Directions for this task:
In your copy of the data, keep every word exact and include no pictures.

Data shown:
==================================================

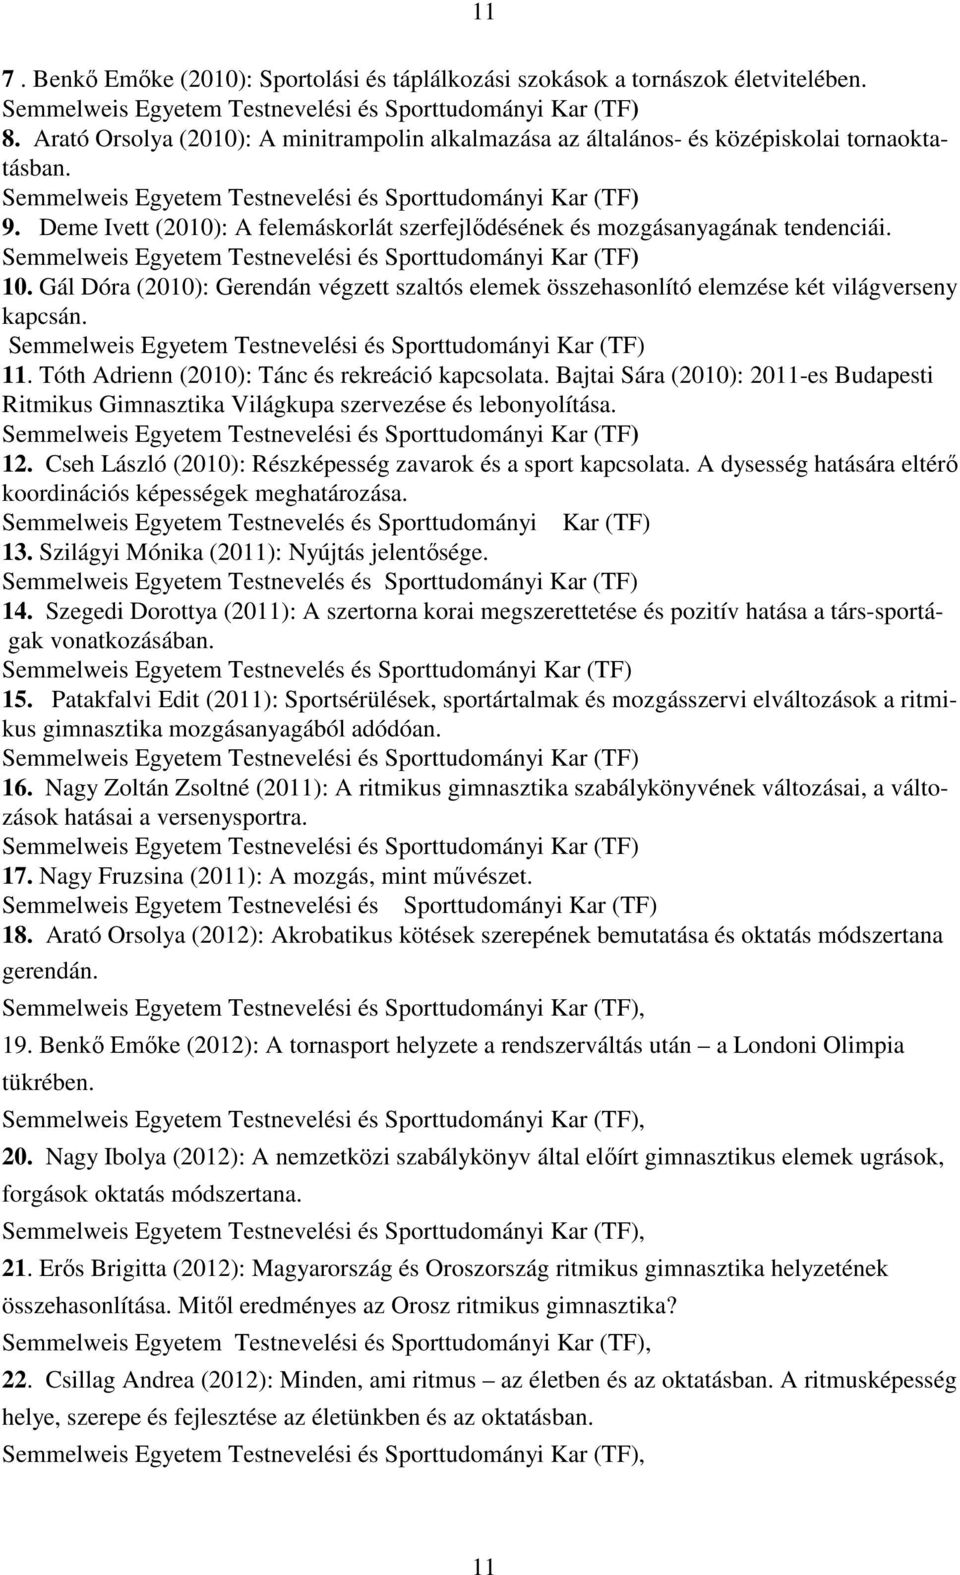 Tóth Adrienn (2010): Tánc és rekreáció kapcsolata. Bajtai Sára (2010): 2011-es Budapesti Ritmikus Gimnasztika Világkupa szervezése és lebonyolítása. 12.
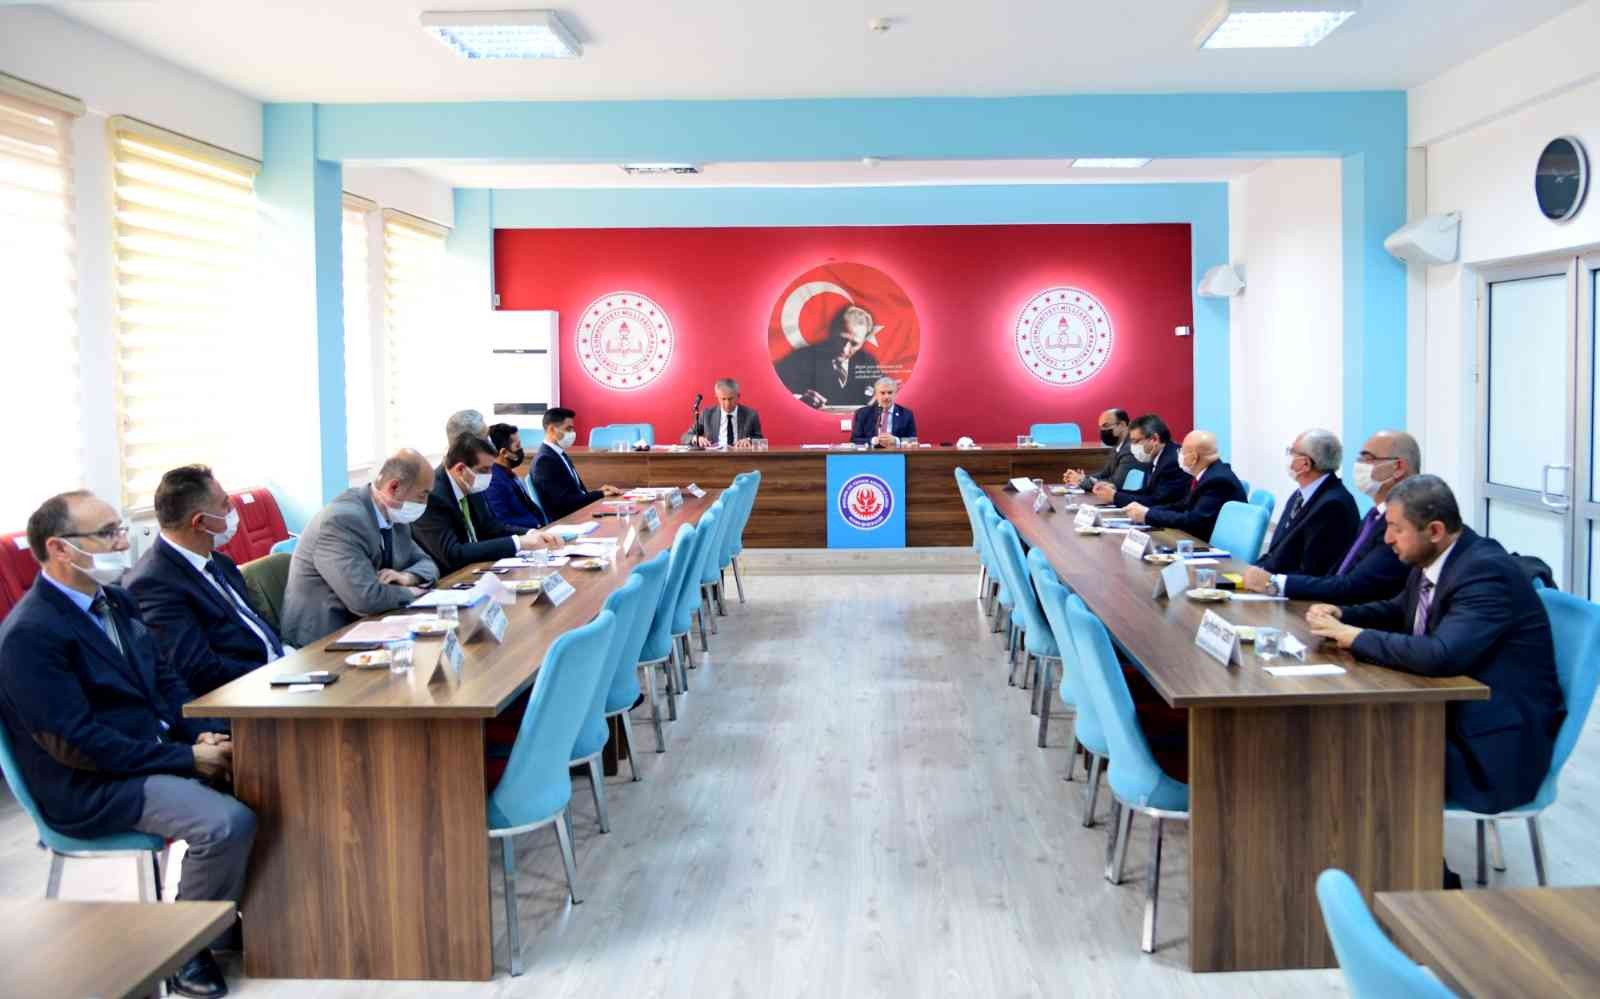 Kırşehir’de Akademik Gelişimi Destekleme Projesi Değerlendirildi #kirsehir
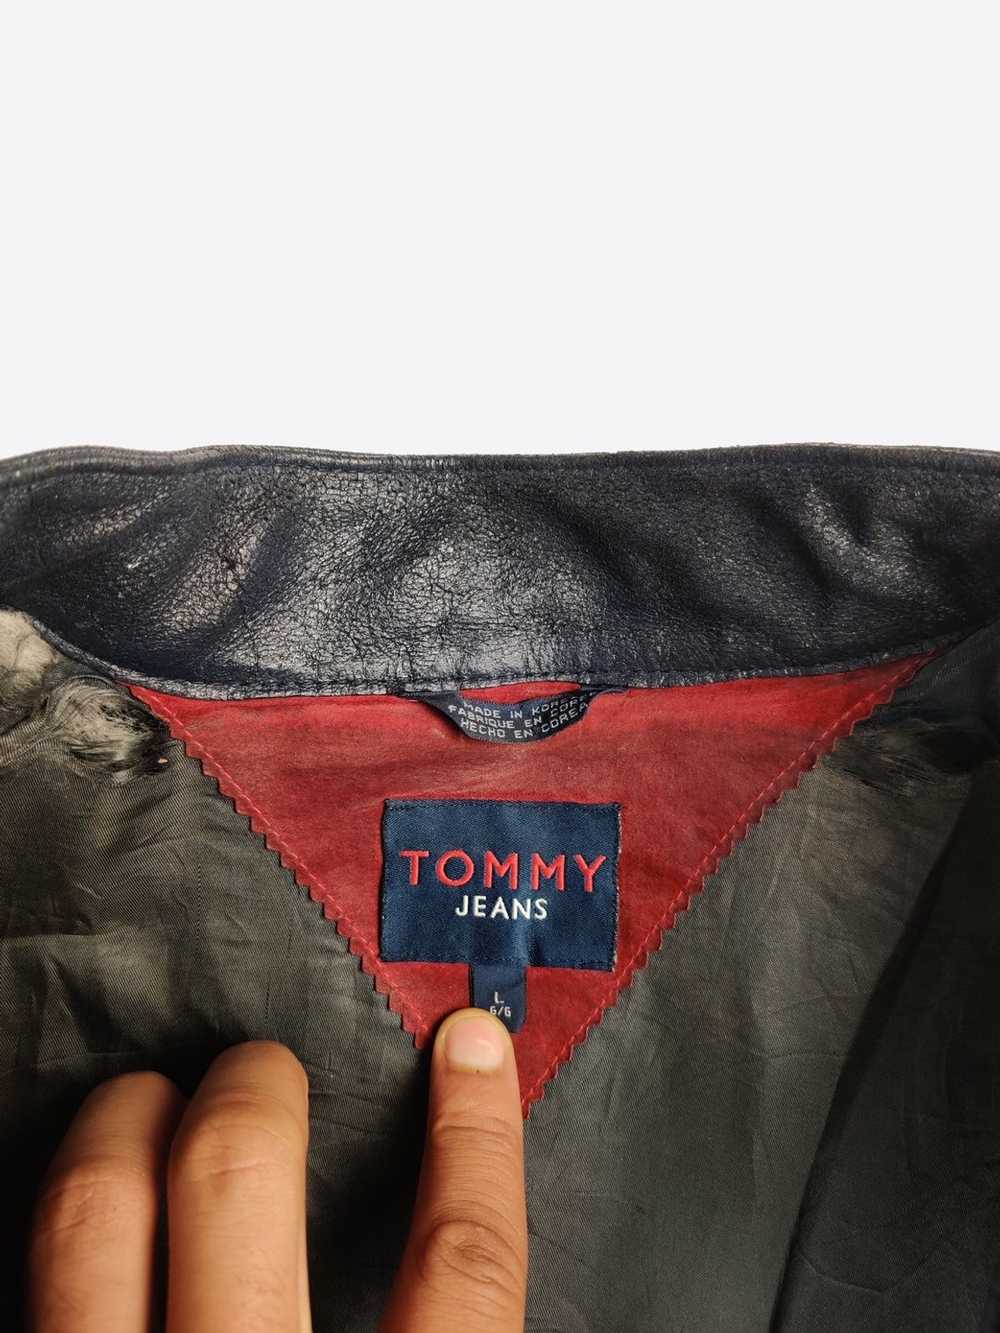 Leather Jacket × Tommy Hilfiger × Vintage Tommy H… - image 3

==================================================

Exercise answer:
 Tóth Adrienn (2010): Tánc és rekreáció kapcsolata. Bajtai Sára (2010): 2011-es Budapesti Ritmikus Gimnasztika Világkupa szervezése és lebonyolítása. 12.
 Kırşehir’de Akademik Gelişimi Destekleme Projesi Değerlendirildi #kirsehir
 Leather Jacket × Tommy Hilfiger × Vintage Tommy H… - image 3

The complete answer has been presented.